Hi everyone. Lets assume I know nothing about VPNs but have been tasked with setting up a server (Windows Server 2012 Foundation) as a VPN client to a host PC (Win 7 I believe) with a NAS as a network drive on the host network. The client is using NovaBACKUP 14.1. Thats unfortunately all the info I have. Can this be done? If so, can anyone point me in the right direction of a how to or something like that? Much appreciated!


----------



## Dwarflord (Dec 13, 2007)

Any backup over a vpn will fail in my honest opinion. Never had a vpn stay up consistently enough for backups... Just my 2 pennies worth, and it will be way too slow to be practical.


----------



## Tomshawk (Jan 23, 2013)

Not sure why you would want to do this, if you plan on backing up the NAS accross the network to the server, it's gonna be really slow but...

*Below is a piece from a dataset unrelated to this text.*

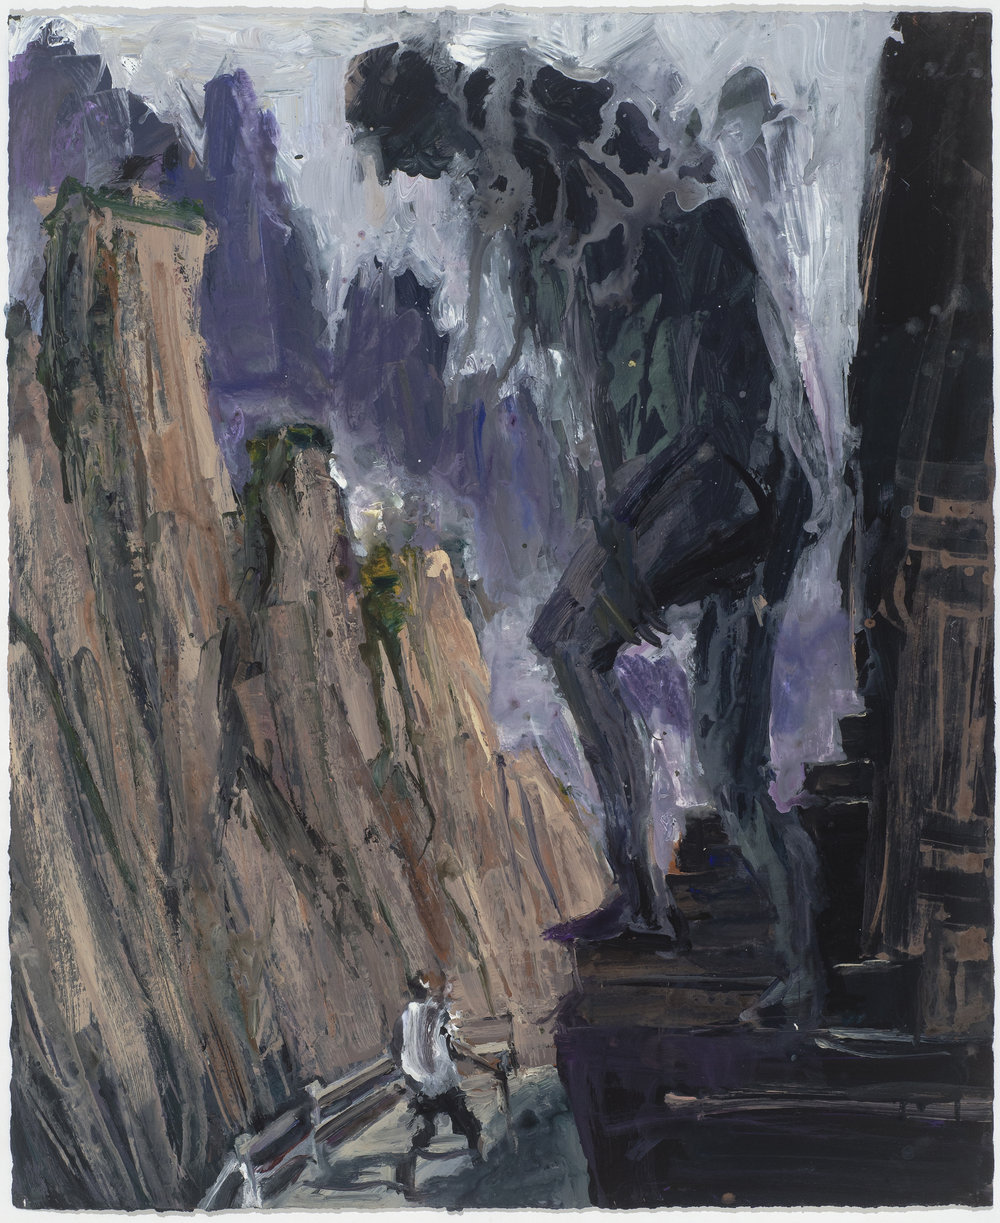 Large Golem study  巨型石人考察   Euan Macleod , 2016  Acrylic on paper, 80 x 66 cm, HKD 29,300 framed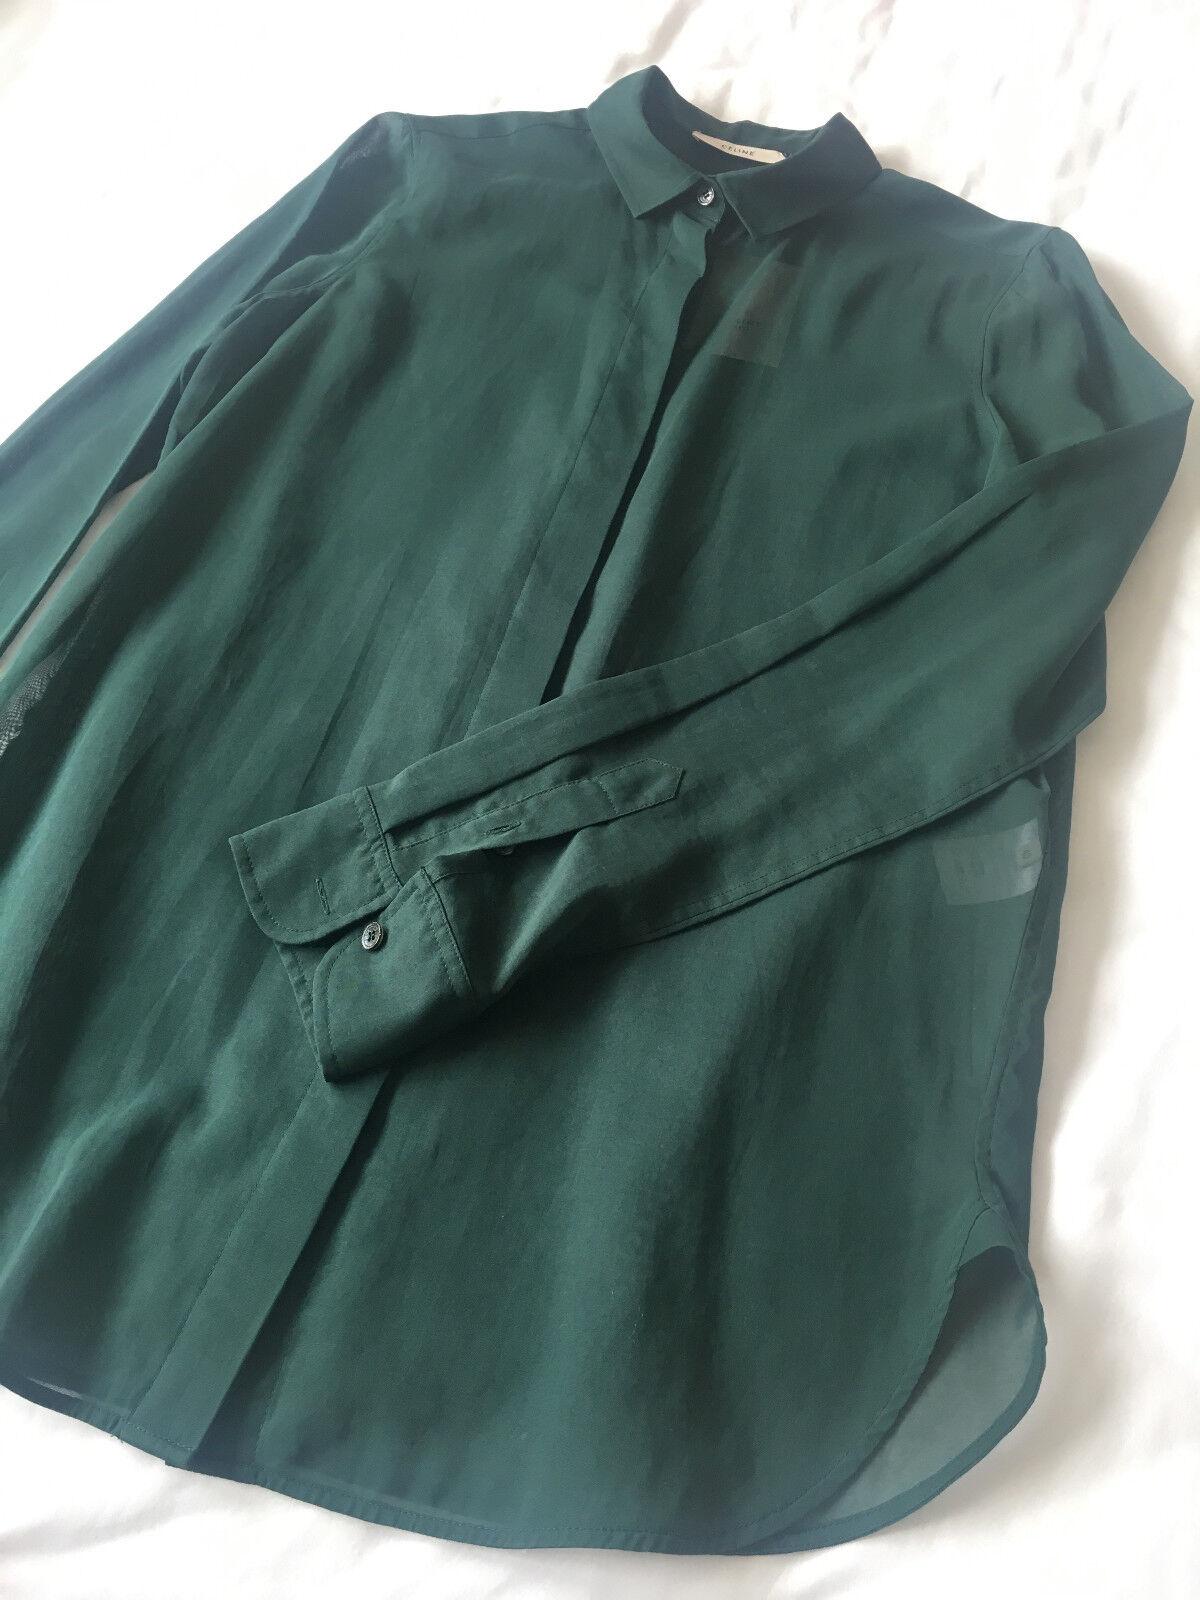 CELINE Forest Grün 100% Cotton Sheer Shirt 40 UK10

*Following are the steps for configuring Incoming VPN Connection in Windows 7
*

First go to Control Panel and open Network and Sharing Center.
Click on Change adapter settings.
Press Alt+F and select New Incoming connection
Put a check on who you’d like to give access to this computer or you can configure a new account by clicking on Add someone,after that click on Next.
Put a check mark on Through the Internet. Click on Next.
Select the protocols you want to enable for this connection. Click on Allow access.
Make a note of the Computer name as this will be used by the client to connect to this computer and after that Click on Close.


----------



## smoo (Jan 23, 2013)

I have no idea where the idea came from myself, but orders are orders in this case. Thank you!


----------



## Wand3r3r (Sep 17, 2010)

VPNs are only as stable as the link between the two end points. I have site to site vpns that never drop and haven't for years.

I do not believe you will be able to backup to a windows 7 pc providing a vpn connection and then have the backup stored on a local NAS server.

Whoever made this request does not appear to know the product being used. Its for online storage to novestor's servers.
NovaBACKUP Backup Software Release 14.1

It would be expected that the novastor software would make that encrypted connection to the online storage.

Most importantly is there is no mention of the amount of data being backed up. That is all important.


----------



## everlastin777 (Jul 1, 2012)

Tomshawk said:


> Not sure why you would want to do this, if you plan on backing up the NAS accross the network to the server, it's gonna be really slow but...
> 
> *Following are the steps for configuring Incoming VPN Connection in Windows 7
> *
> ...




hi...how do i reverse these steps. I just tried it out for fun on my computer. Now I cant seem to disable it.


----------